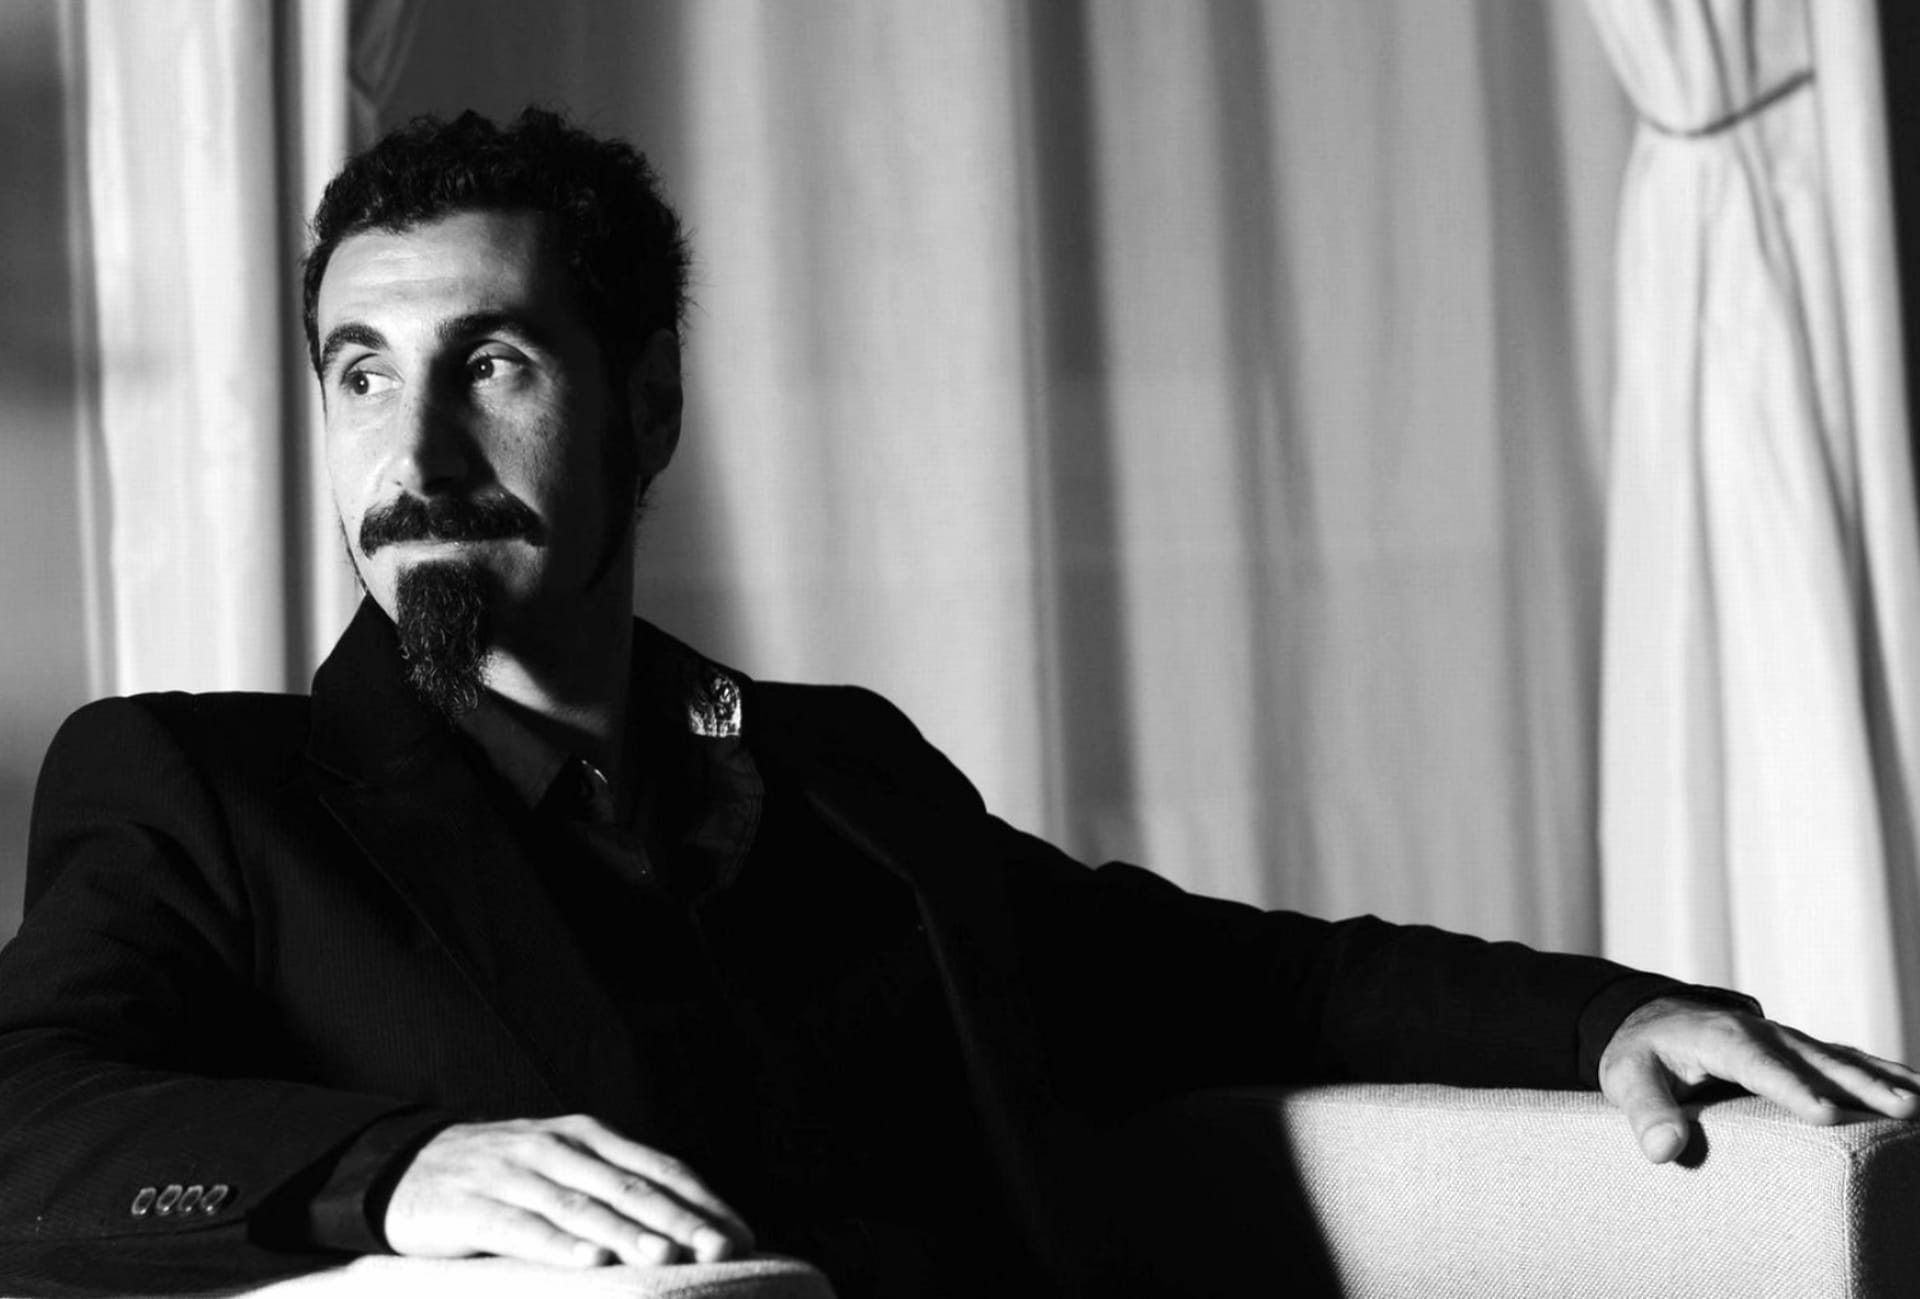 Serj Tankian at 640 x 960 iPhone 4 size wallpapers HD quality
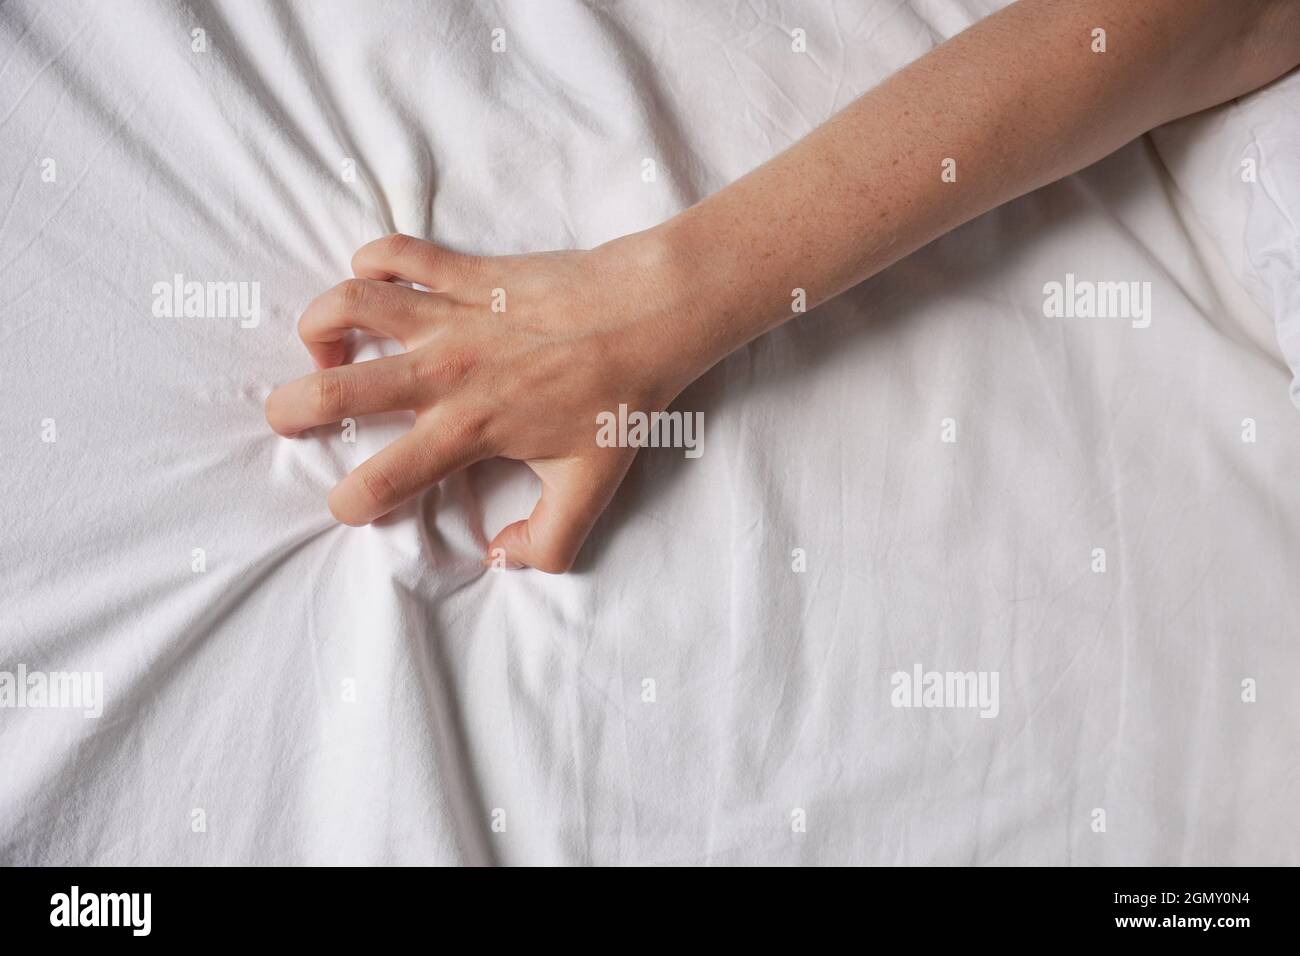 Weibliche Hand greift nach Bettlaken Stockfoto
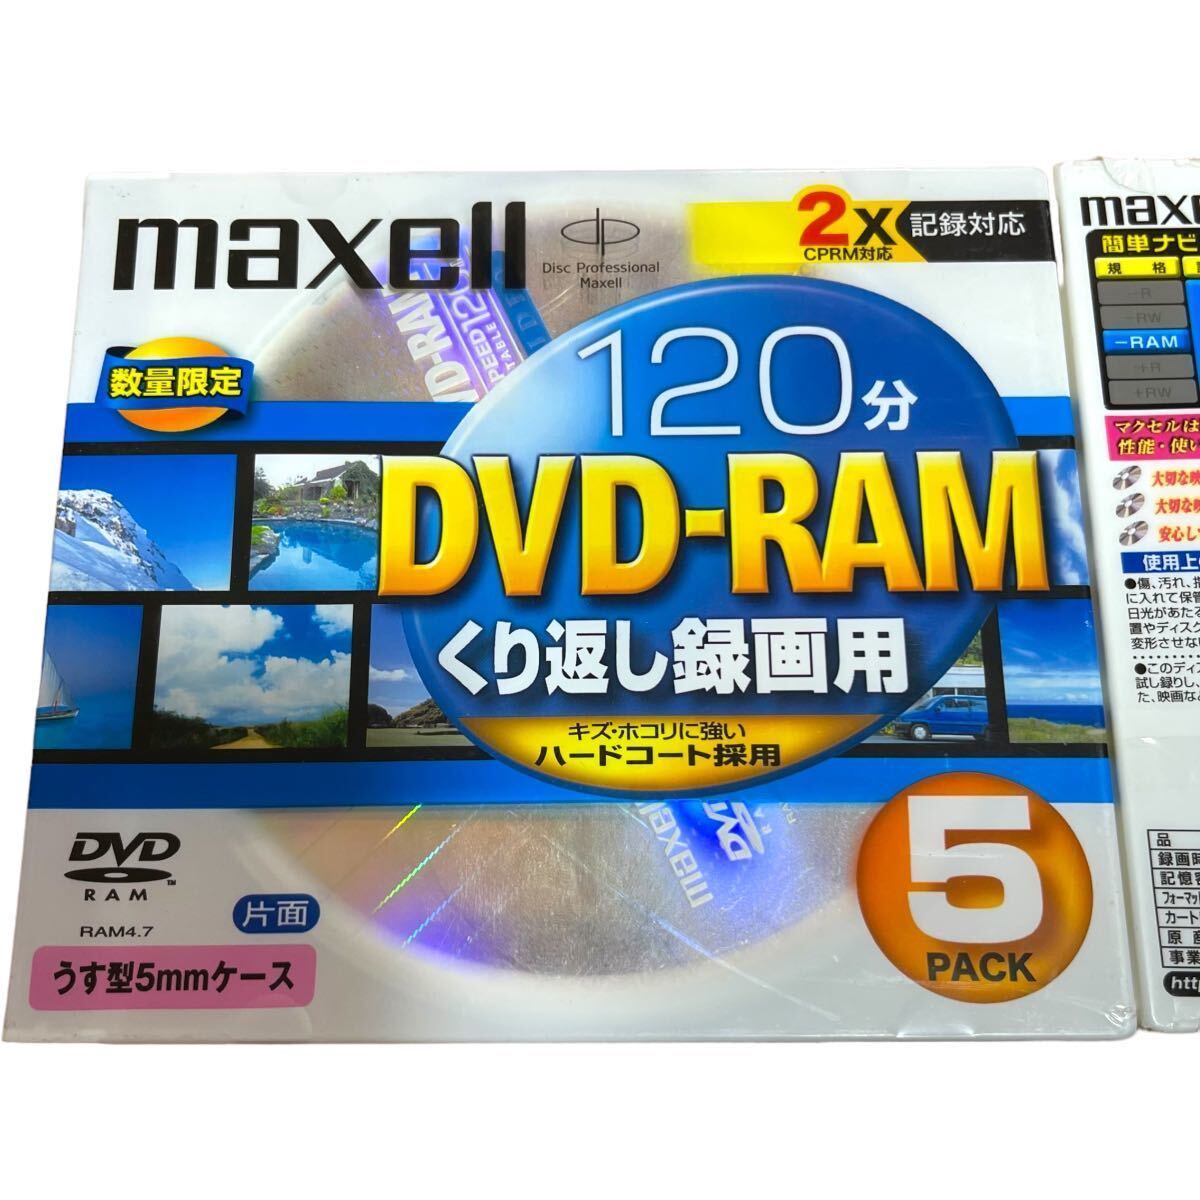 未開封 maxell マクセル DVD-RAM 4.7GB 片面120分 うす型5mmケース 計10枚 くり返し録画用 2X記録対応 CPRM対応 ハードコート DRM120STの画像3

• • • • • • •

EXERCISE AIM: Give back an exact copy of the material above, omitting the pictures.

EXERCISE OUTPUT:
 Serj Tankian at 640 x 960 iPhone 4 size wallpapers HD quality
 Weibliche Hand greift nach Bettlaken Stockfoto
 未開封 maxell マクセル DVD-RAM 4.7GB 片面120分 うす型5mmケース 計10枚 くり返し録画用 2X記録対応 CPRM対応 ハードコート DRM120STの画像3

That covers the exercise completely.